Meta-analysis of bariatric surgical outcomes19 demonstrated that, of studies reporting resolution of diabetes, 1417 of 1846 (76.8%) patients experienced complete resolution. Of those who reported both resolution and improvement or only improvement, 414 of 485 (85.4%) patients experienced resolution or improvement. Procedure-specific subanalysis demonstrated that the degree of diabetes resolution depended on the procedure performed. Specifically, complete resolution was observed in 98.9% of patients who underwent BPD±DS, 83.7% who underwent RYGB, 71.6% who underwent VBG and 47.9% who underwent an adjustable gastric band. However, subanalysis of studies that described both resolution and improvement did not demonstrate a similar trend, probably owing to the small sample size (n = 485).

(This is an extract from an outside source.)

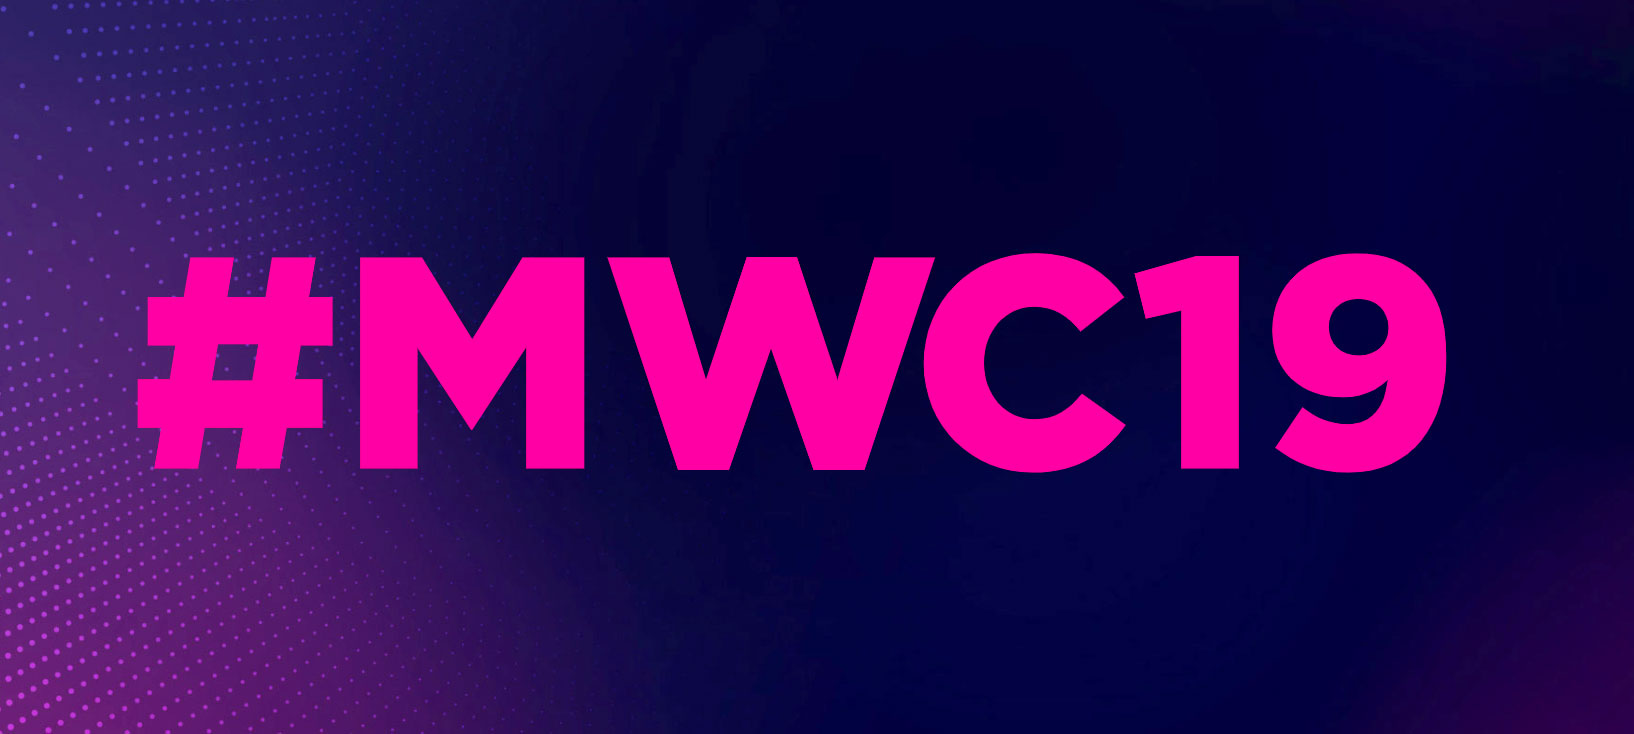 تاریخ نمایشگاه MWC 2019

Interestingly, the clinical resolution of diabetes via RYGB and BPD+DS, the most effective procedures, was associated with the duration and severity of the disease. Specifically, improvement of diabetes was most pronounced in patients with a milder form and shorter duration of the disease, or in patients with less central obesity as measured by waist circumference.39–41 Conversely, patients whose diabetes did not resolve were usually older or had a more prolonged preoperative disease course.37,42,43
Rubino30 outlined 3 possible mechanisms of the effect of bariatric surgery on glucose homeostasis: the effect of weight loss, intestinal malabsorption and hormonal changes.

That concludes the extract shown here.